Figure 1. The Moderate Resolution Imaging Spectroradiometer (MODIS) image of the new Chinese Taishan Station (73°51′50″S, 76°58′28″E), including the drainage system of the Lambert glacier–Amery ice shelf, Princess Elizabeth Land, the Chinese Zhongshan Station, and the Australian Davis Station.

The Chinese Taishan Station (Figures 1, 2) was established during the 30th Chinese Antarctic Research Expedition (CHINARE 30) in the middle of Princess Elizabeth Land in East Antarctica in 2013/2014. The station is about 522 km from Zhongshan Station and 715 km from Kunlun Station at Dome A (Tang et al., 2016). As the Chinese component of the ITASE (International Trans-Antarctic Scientific Expedition), Princess Elizabeth Land was first investigated by the CHINARE in the 1996/1997 austral summer (Qin et al., 2000). The CHINARE transect goes from Zhongshan Station to Kunlun Station at Dome A, the summit of the East Antarctic ice sheet, with a distance of ∼1,250 km (Figure 3). Taishan Station is located at the transect. Along the transect, some glaciological and meteorological parameters have been collected, e.g., shallow snow stratigraphy, snow accumulation rate (Ren et al., 2001), ice velocity (Zhang et al., 2008), surface mass balance (Ding et al., 2015), shallow ice cores (Li et al., 2013; Ding et al., 2015), chemical elements, and particles (Li et al., 2009, 2014). By summarizing these published data, we can obtain a better understanding of the basic characteristics of environmental information. Zhang et al. (2008) showed that the ice of Taishan Station flows downward into the Amery ice shelf along the altitude gradient with a surface speed of ∼20 m year^–1. Ding et al. (2011) measured the surface snow temperature at Taishan Station. Ma et al. (2010) measured the annual average wind speed (∼8 m s^–1) near the station site. Tang et al. (2016) mapped a radar profile of the internal layer, and suggested that the ice sheet under Taishan Station may have undergone a complex deposition process. Wu et al. (2017) found that the intensity of optical turbulence in the near-surface atmosphere of Taishan Station has obvious diurnal variation characteristics, which are stronger at night than during the day, and the minimum values appear around sunrise and sunset. However, in addition to the few parameters mentioned above, due to the lack of systematic research around the site, we have little knowledge of the glaciological and meteorological characteristics in the area of Taishan Station.

FIGURE 2

Figure 2. Aerial view of the Taishan Station site, January 2013.

FIGURE 3

Figure 3. (A) Area map showing the transect routes from Zhongshan to Dome A, East Antarctica. (B) Location of Taishan Station (the red triangle) and orientation of the radar line (black) around the Taishan Station site. (C) Radar profiles in a 2 km × 2 km square area centered on the Taishan Station. The yellow line denotes the radar line from Zhongshan Station to Dome A. Bed elevation (background image), surface elevation (green line), and grounding line (black line) are from Bedmap2 (Fretwell et al., 2013; Tang et al., 2016; Greene et al., 2017). The white arrows represent the vector of the surface ice velocity which was derived from the interferometric synthetic aperture radar (InSAR) data (Rignot et al., 2011; Shepherd et al., 2018).

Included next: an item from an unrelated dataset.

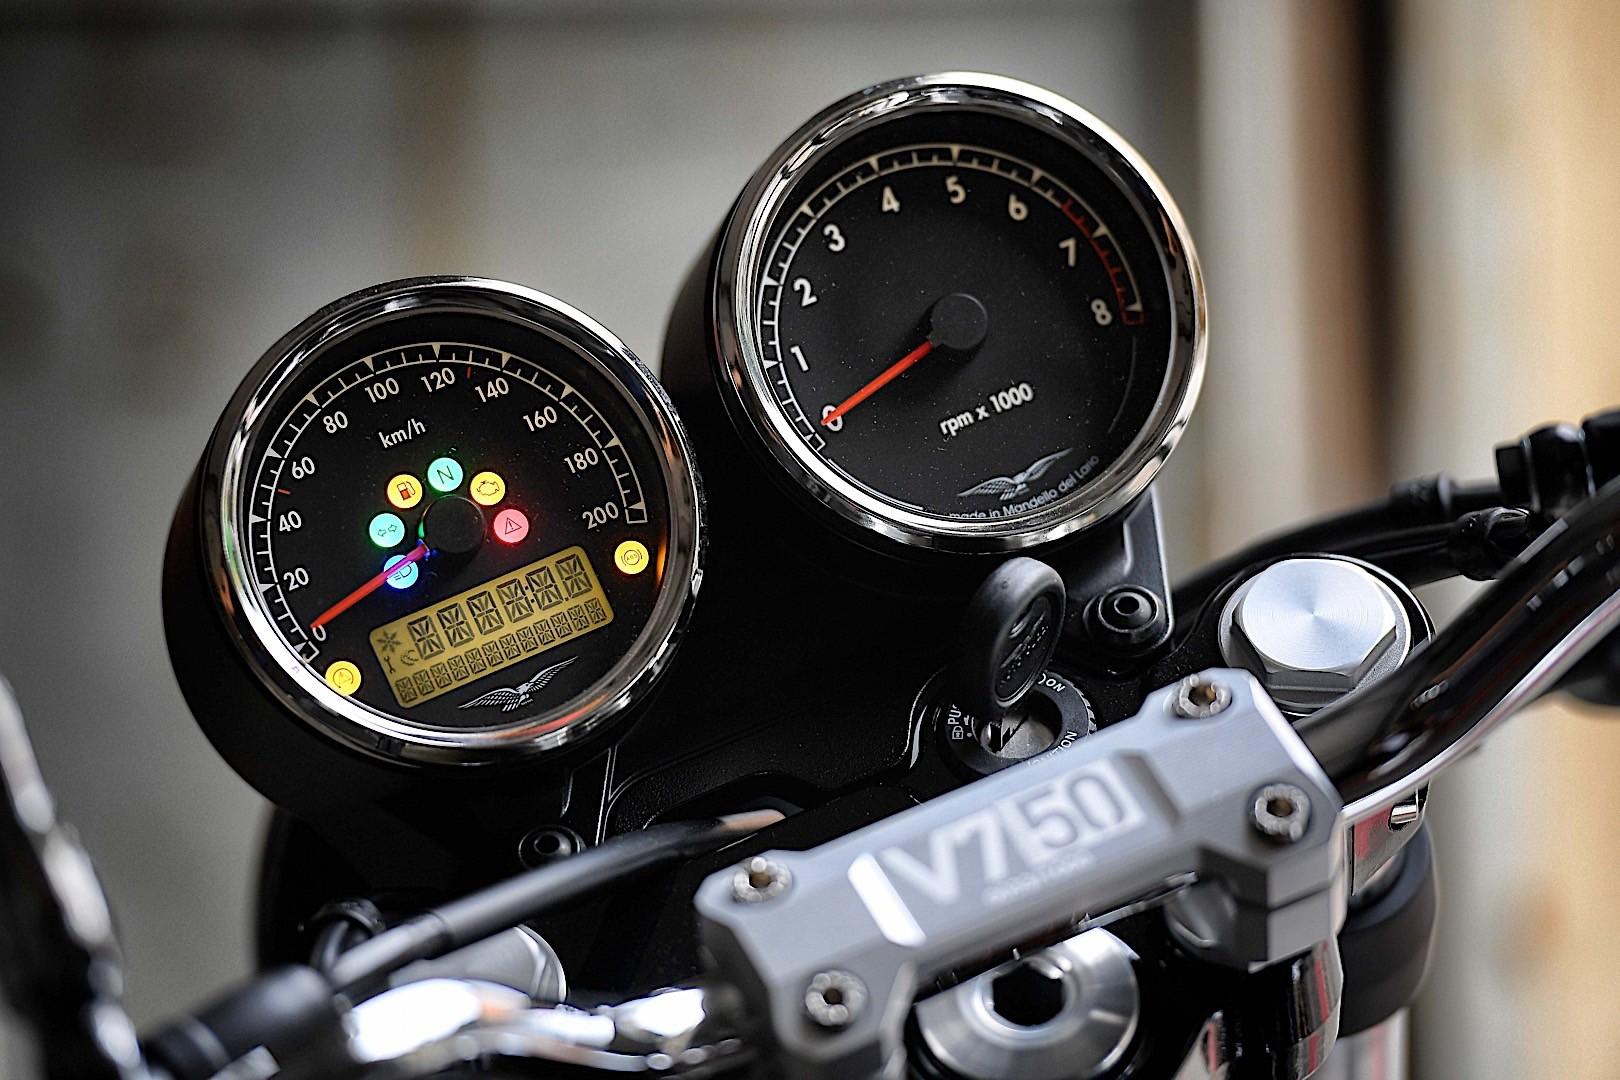 moto guzzi begins u.s. demo tour, test rides included - autoevolution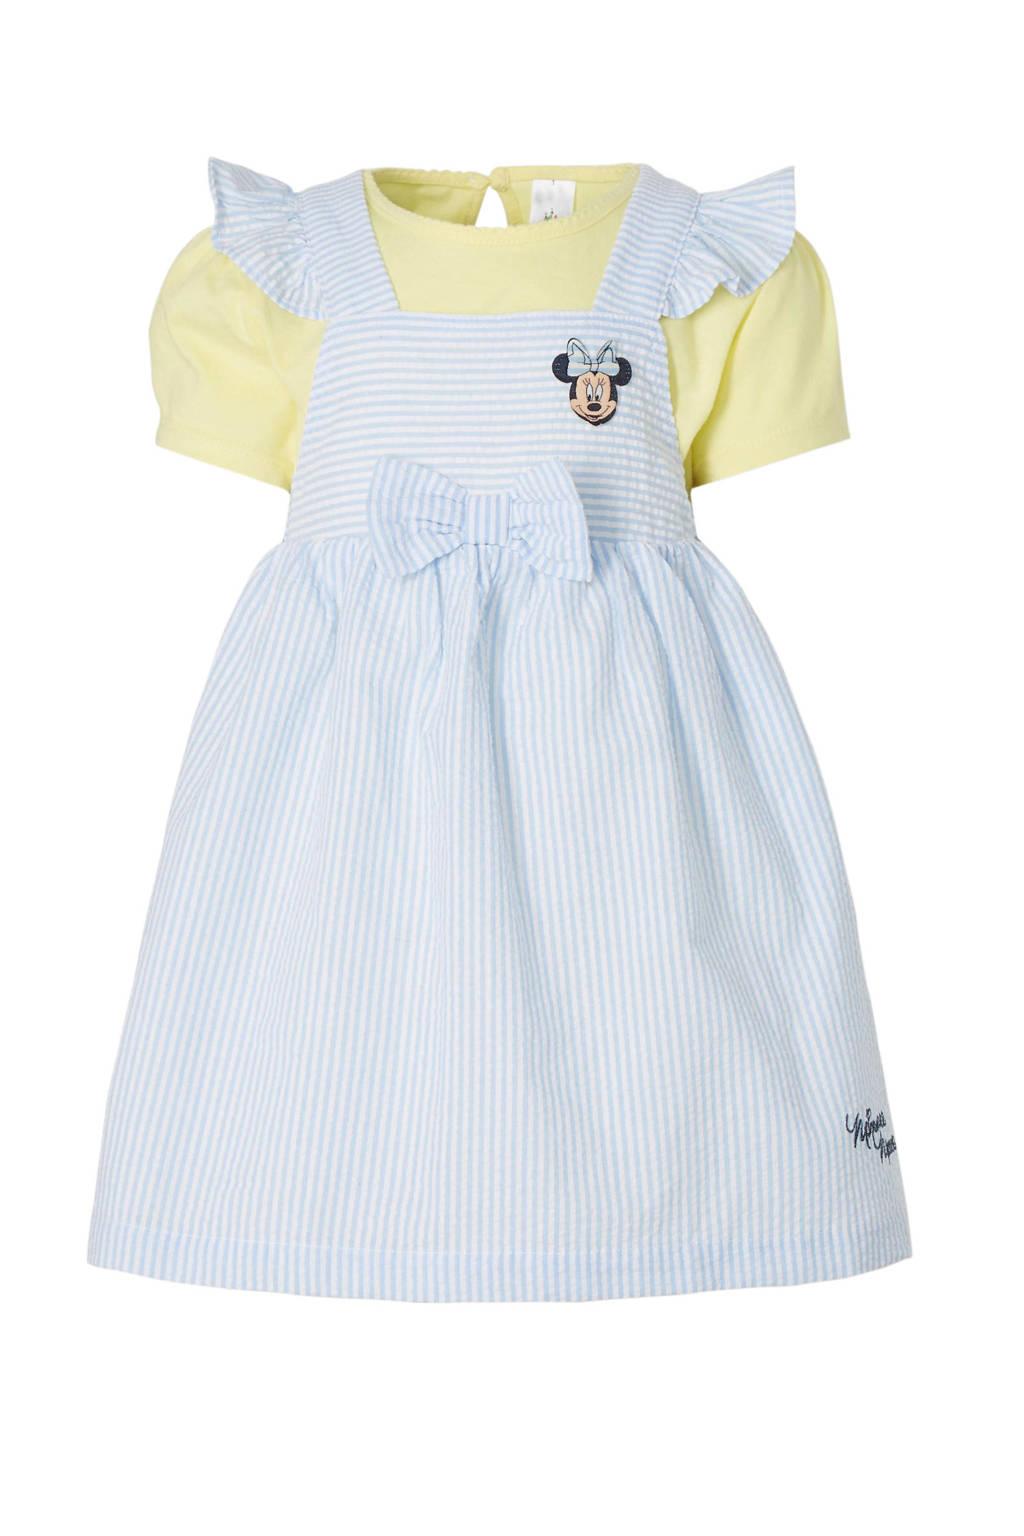 C&A Baby Club Minnie Mouse jurk + T-shirt, Blauw/wit/geel

Here, we collect and analyze the data from field observations by CHINARE and present the glaciological and meteorological results obtained at Taishan Station. The glacio-meteorological parameters allow us to establish the fundamental environment characteristics at the site.

Surface Mass Balance and Ice Flow

Surface mass balance is usually used to represent snow accumulation on the Antarctic ice sheet. Along the transect from Zhongshan to Dome A, CHINARE have installed a series of stakes, which were used to measure the surface mass balance during the expeditions in 1999, 2005, 2008, 2011, and 2013. Ding et al. (2011, 2015) discussed the temporal trend of the surface mass balance based on the morphological, geographical, and meteorological conditions of the CHINARE transect. Their studies showed that the average surface mass balance values in 1999–2013 in a section with a length of 300 km covering the Taishan Station site was 65.5 kg m^–2 a^–1, and wind-driven processes had a great impact on surface mass balance.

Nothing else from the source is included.